Thursday’s bond market has opened in positive territory following a batch of favorable economic reports. The stock markets are mixed but relatively calm during early trading with the Dow down 7 points and the Nasdaq up 3 points. The bond market is currently up 12/32, which should improve this morning’s mortgage rates by approximately .125 of a discount point if comparing to yesterday’s morning pricing. As we saw Tuesday, the bond market weakened during afternoon trading yesterday, causing some lenders to revise rates upward. Those losses are preventing more of an improvement in this morning’s pricing than today’s opening strength would usually create.
April’s Consumer Price Index (CPI) was the most important of today’s three economic reports. The Labor Department announced early this morning that the overall CPI reading fell 0.4% last month while the core reading rose 0.1%. Both readings were weaker than what analysts were expecting (-0.2% and +0.2% respectively), indicating inflationary pressures were softer at the consumer level of the economy than many had thought.
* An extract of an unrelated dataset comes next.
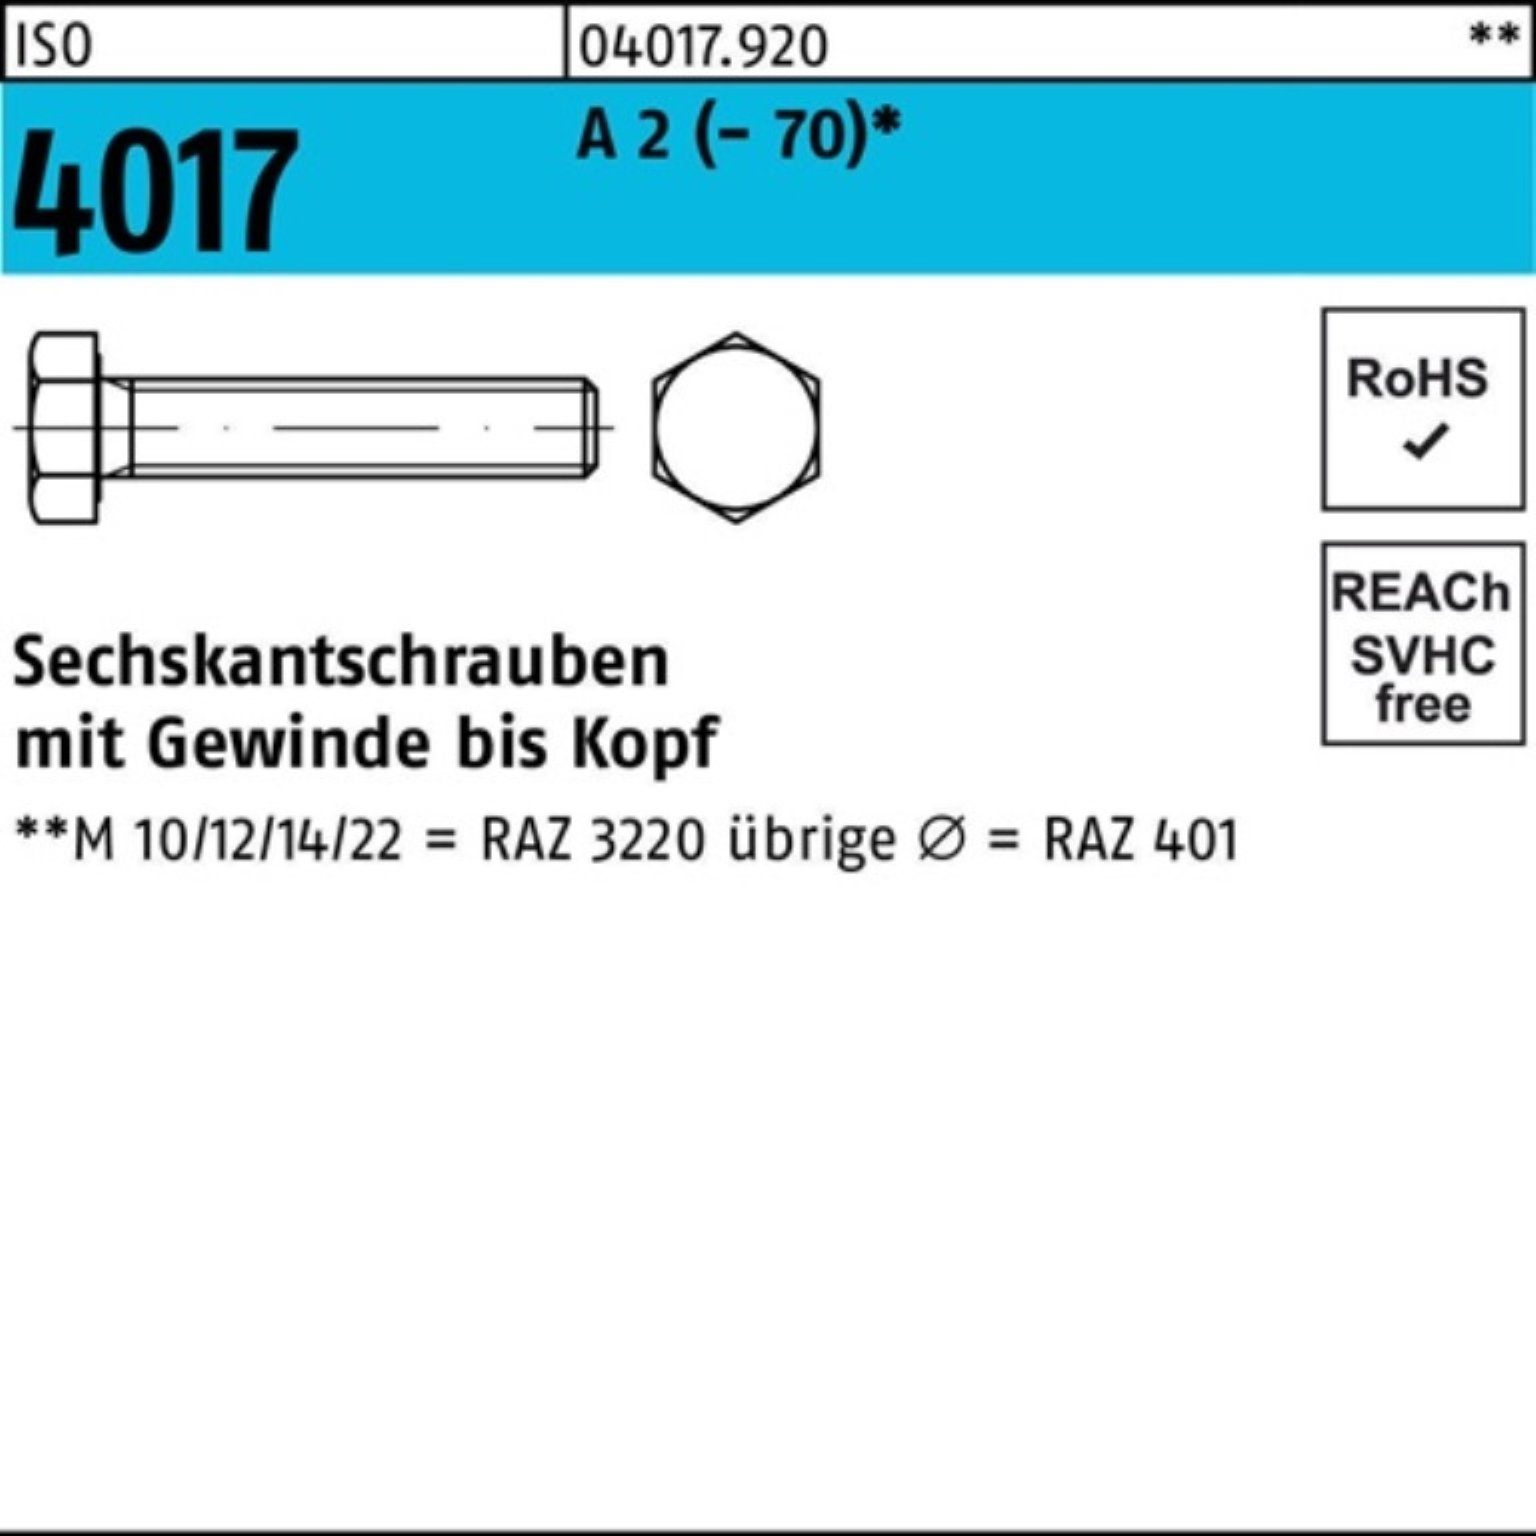 Bufab Sechskantschraube 100er M12x (70) 60 2 4017 Pack A Stück 50 ISO VG Sechskantschraube

That makes both good news for the bond market and mortgage pricing.
They also said that 360,000 new claims for unemployment benefits were filed last week, up considerably from the revised total of 328,000 of the previous week. Since this was a sizable upward move and was much higher than the 330,000 initial claims that was forecasted, we should also consider this good news for mortgage rates as it points toward a weakening employment sector.
The final report of the day was April’s Housing Starts. It revealed a 16.5% drop in new home construction starts last month that was much weaker than analysts were expecting to see. That would indicate weakness in the new home part of the housing sector. However, a secondary reading that tracks new permits for future construction starts showed the highest number since June 2008. This data leads us to believe that April was a bad month for new homes, but May and June will likely be much stronger. The conflicting readings offset each other, leaving the other two reports to drive bond trading and mortgage pricing this morning.
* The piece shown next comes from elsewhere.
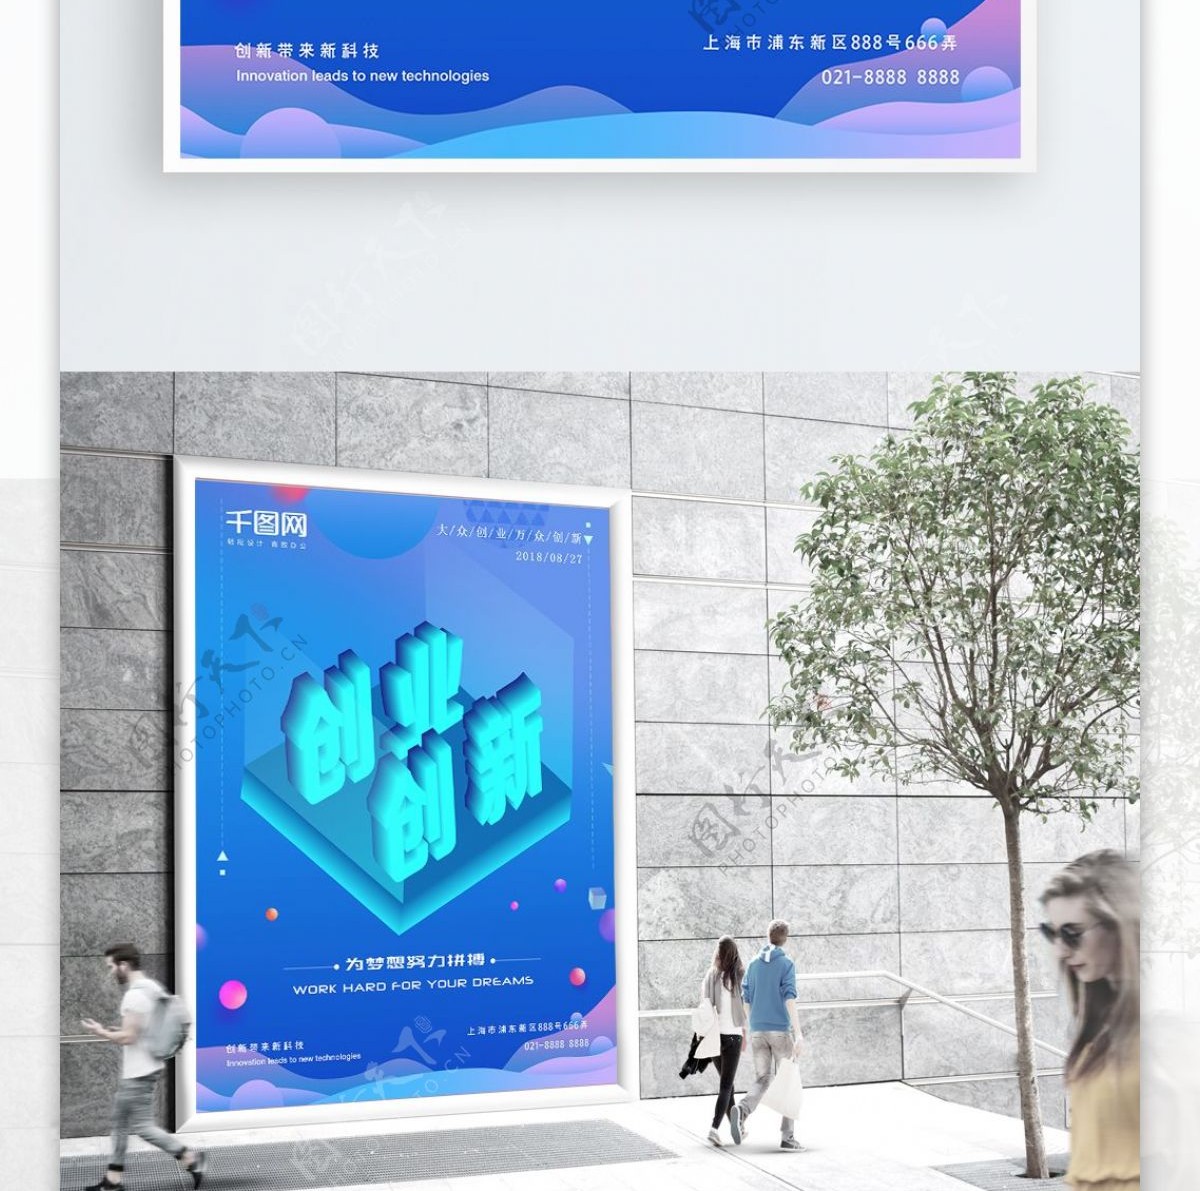 2.5D创新创业科技海报

Tomorrow has the remaining two pieces of economic data scheduled for release. They both will come during late morning trading tomorrow and neither is considered to be highly important. The first is May’s preliminary reading to the University of Michigan’s Index of Consumer Sentiment just before 10:00 AM ET. This index measures consumer willingness to spend, which relates to consumer spending. If consumers are more confident in their own financial situations, they are more apt to make large purchases in the near future. This report usually has a moderate impact on the financial markets though, because it is not exactly factual data. It is expected to show a reading of 78.5, which would be an increase from April’s final reading of 76.4, indicating consumers are more confident and more likely to spend than they were last month. If it shows a large decline in consumer confidence, bond prices could rise and mortgage rates would likely move slightly lower because waning confidence means consumers are less apt to make a large purchase in the near future.
The week closes with the release of April’s Leading Economic Indicators (LEI) at 10:00 AM ET. This Conference Board report attempts to predict economic activity over the next three to six months. It is expected to show a 0.3% increase from March’s reading, meaning that economic activity is likely to strengthen slightly over the next few months. A decline would be good news for the bond market and mortgage rates, while an increase could cause mortgage rates to inch higher tomorrow.